ACTION ITEM: Here the job is to copy the data exactly and to exclude every image from it.

═══ DATA BLOCK

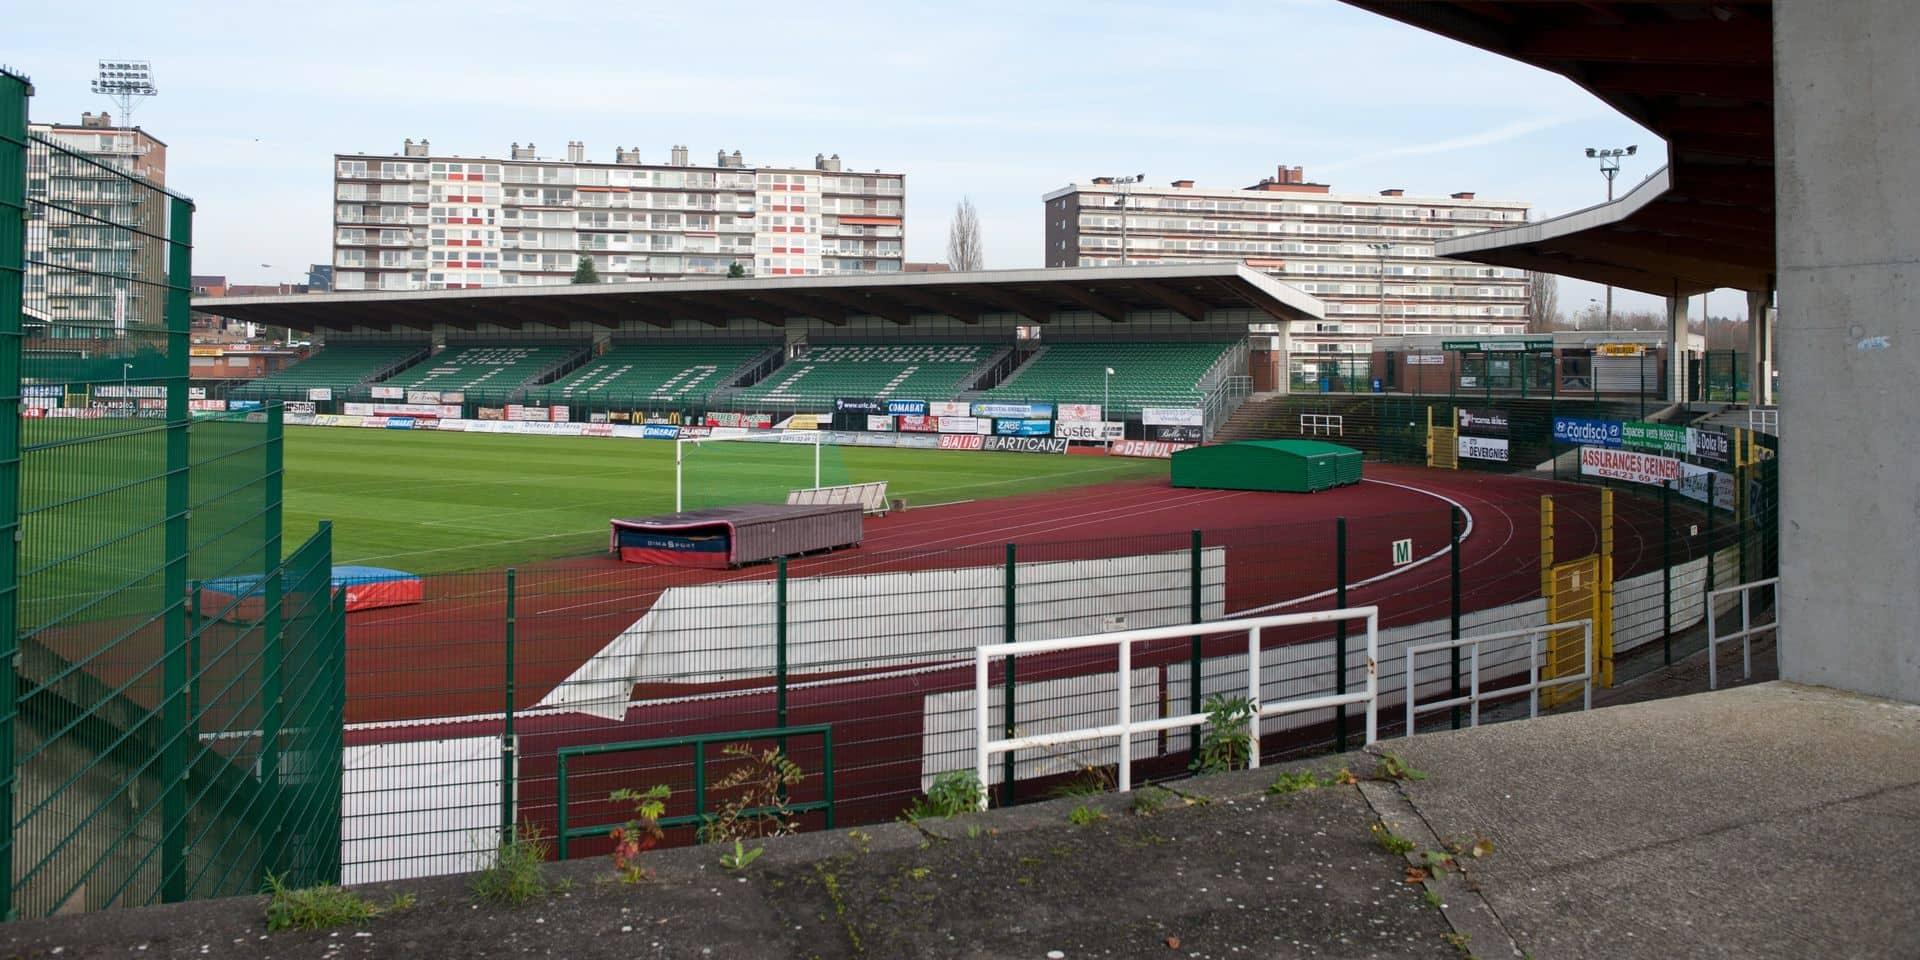 Construction d'un centre d'athlétisme à La Louvière: la ville jette son dévolu sur le stade Tivoli
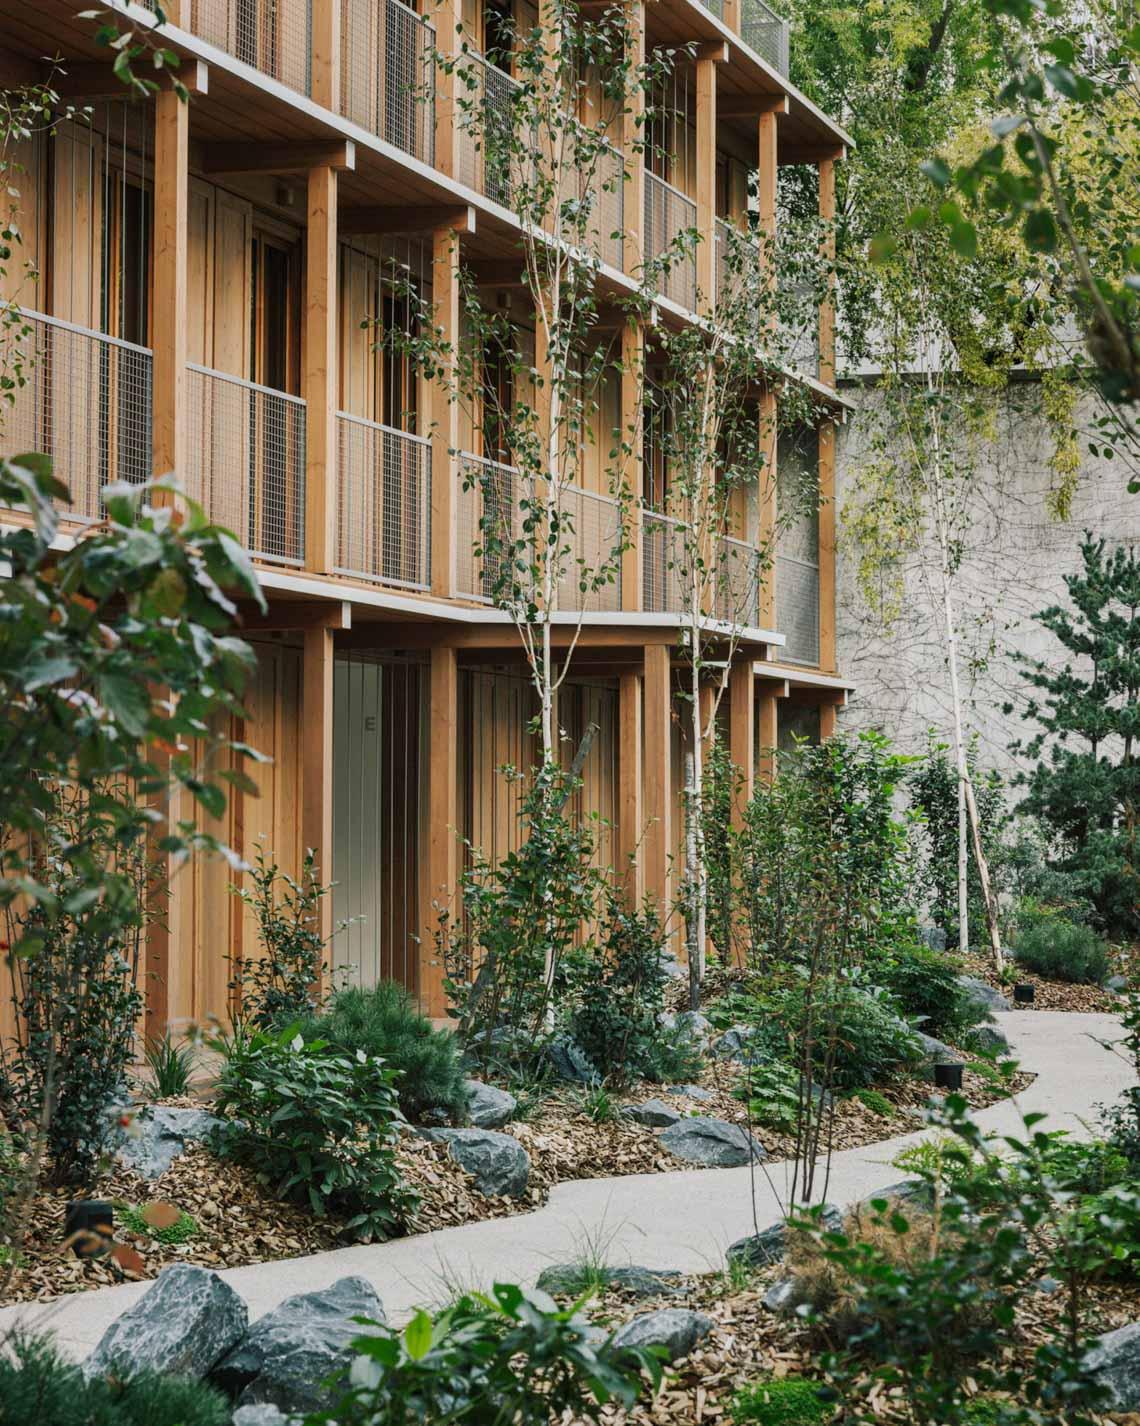 Tòa nhà căn hộ bằng gỗ với thiết kế mang phong cách Nhật Bản - 3
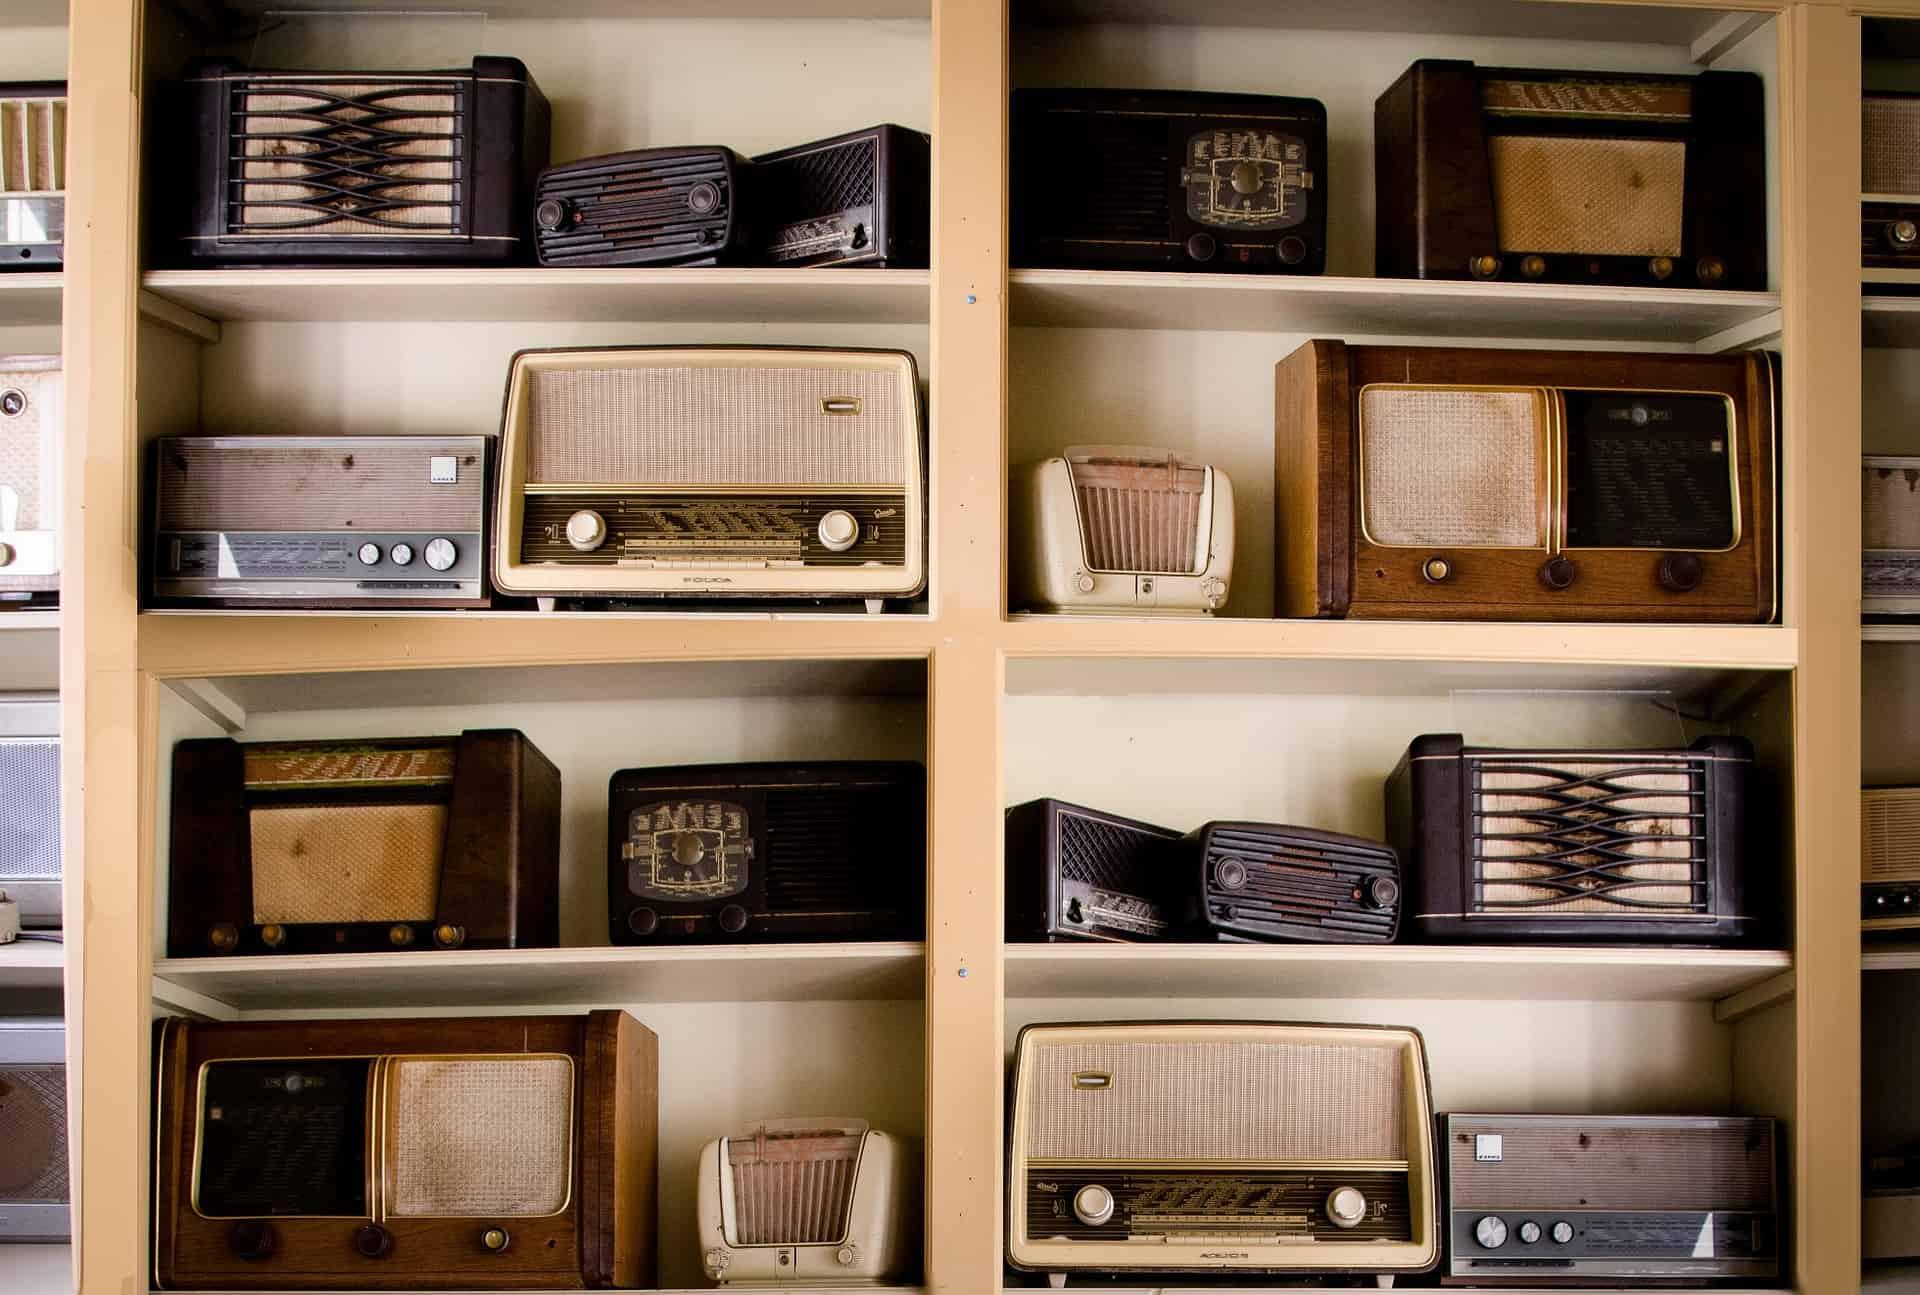 Badradio: Test & Empfehlungen (12/19) | EINRICHTUNGSRADAR

══════

RESPONSE TO THE TASK:
 Construction d'un centre d'athlétisme à La Louvière: la ville jette son dévolu sur le stade Tivoli
 Tòa nhà căn hộ bằng gỗ với thiết kế mang phong cách Nhật Bản - 3
 Badradio: Test & Empfehlungen (12/19) | EINRICHTUNGSRADAR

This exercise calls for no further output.